One to try: We prefer Dyna-Gro Liquid Grow Plant Food 7-9-5 to fertilizers with higher percentages of the nutrients, since it is so easy to overfertilize. Dyna-Gro works well for all container houseplants, and the lower soluble salts and slightly higher phosphorus make it work for plants like African violets and orchids too.
6. Rolling Plant Stands
If you have big houseplants, tall ones or heavy ones, rolling plant stands come in handy. For example, a corn plant that stands taller than you are can be moved to a site with more or less light without straining your back or arms. You can wheel large ferns or potted Meyer lemon trees out to the patio on summer afternoons without asking for help.

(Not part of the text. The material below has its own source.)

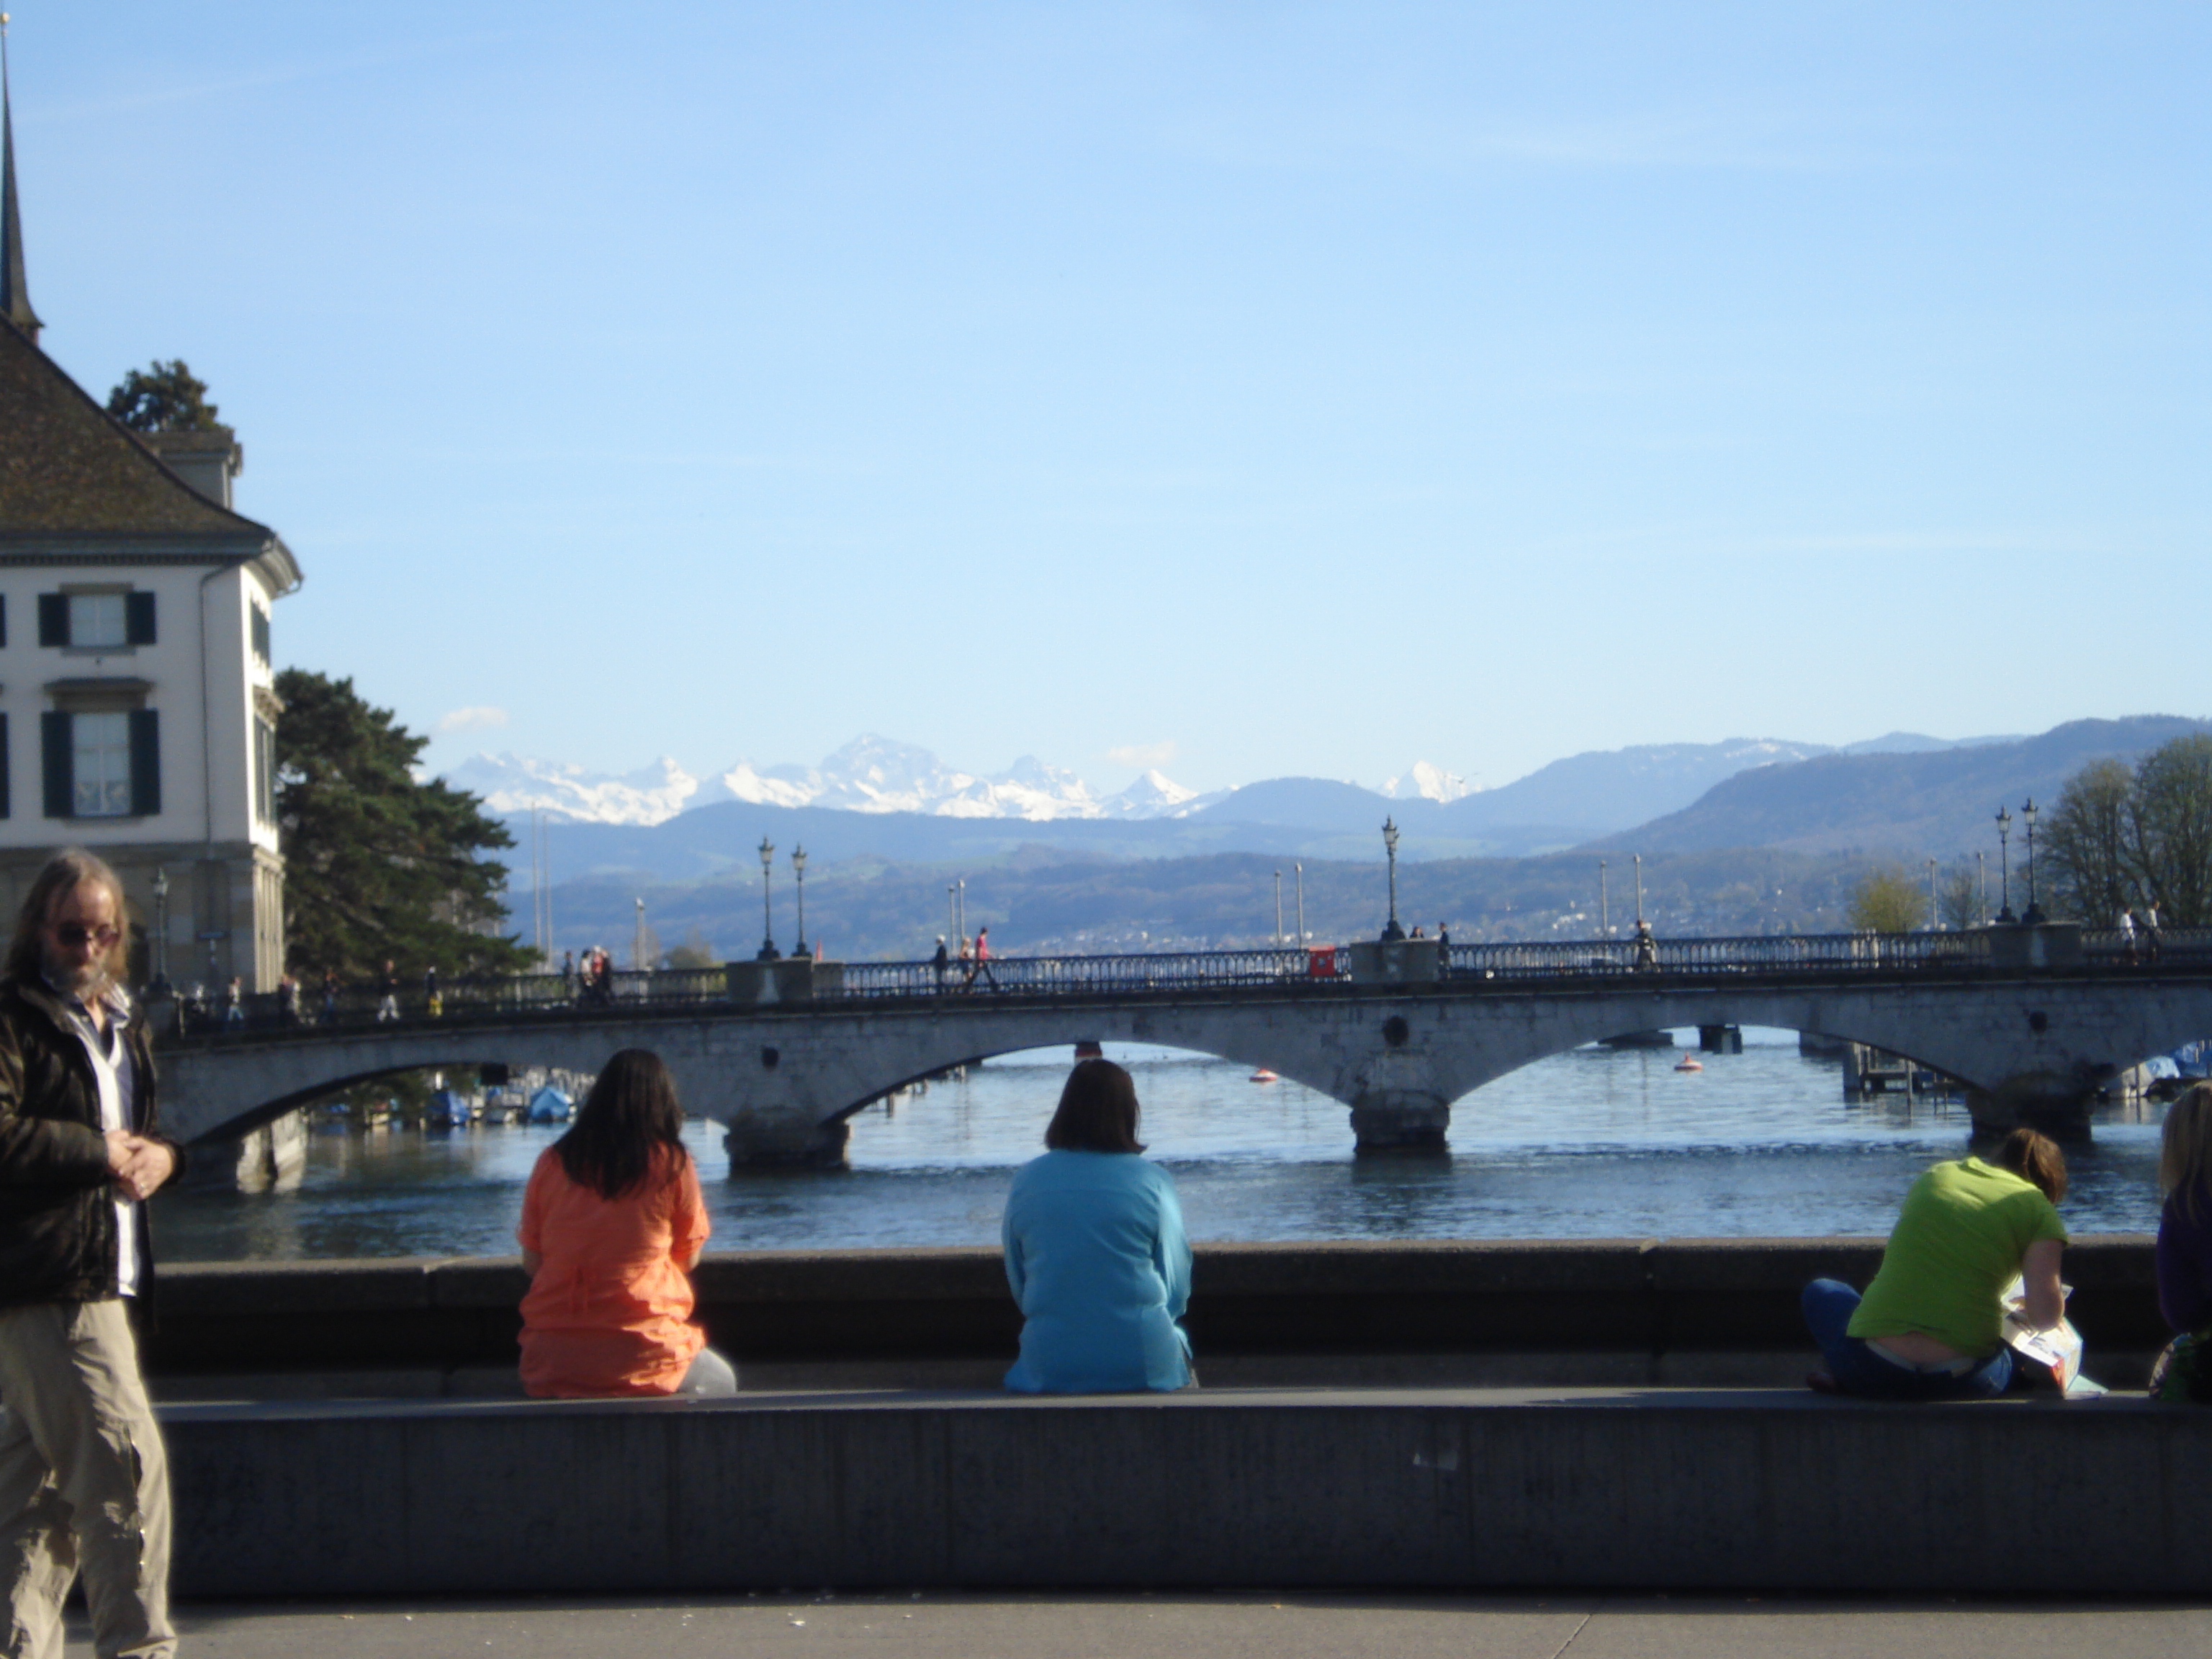 Цюрих гид, индивидуальные экскурсии с гидом по Швейцарии, гид в Лихтенштейне

One to try: Moutik Plant Caddy. While you can buy plants stands on wheels, it's cheaper and just as easy to just buy the rolling caddies, and you won't have to change them when it's time to up the size of the pot. Be sure to buy something sturdy and test out the rolling action before you sign on the dotted line.
7. Indoor Plant Tool Set
If you repot or prune your indoor plants, you'll do well to keep a garden tool set to help out. Digging in container plant soil requires smaller tools than the hoes and shovels you use in the backyard veggie plot.
The most useful tool for indoor plants is probably a hand fork, so useful for breaking up compacted top soil. But a hand pruner and a hand rake or cultivator come in close second.
One to try: If you feel like splurging, get all of these and a few other important tools together in the Complete Intervale Garden Tool Collection. It includes six important hand tools: cultivator, trowel, transplant trowel, fork, dibbler, and pruners as well as gloves and a notebook. All come in an appealing pine storage case.
9. Neem Oil
Neem oil spray is made from the seeds of the tropical Neem tree. It is a truly remarkable, multipurpose pest-control spray that works well on insects that frequent houseplants. These include aphids, spidermites, mealybugs, and scale.
But that's not all. If your plants come down with fungal issues like powdery mildew, a spray of Neem oil saves the day.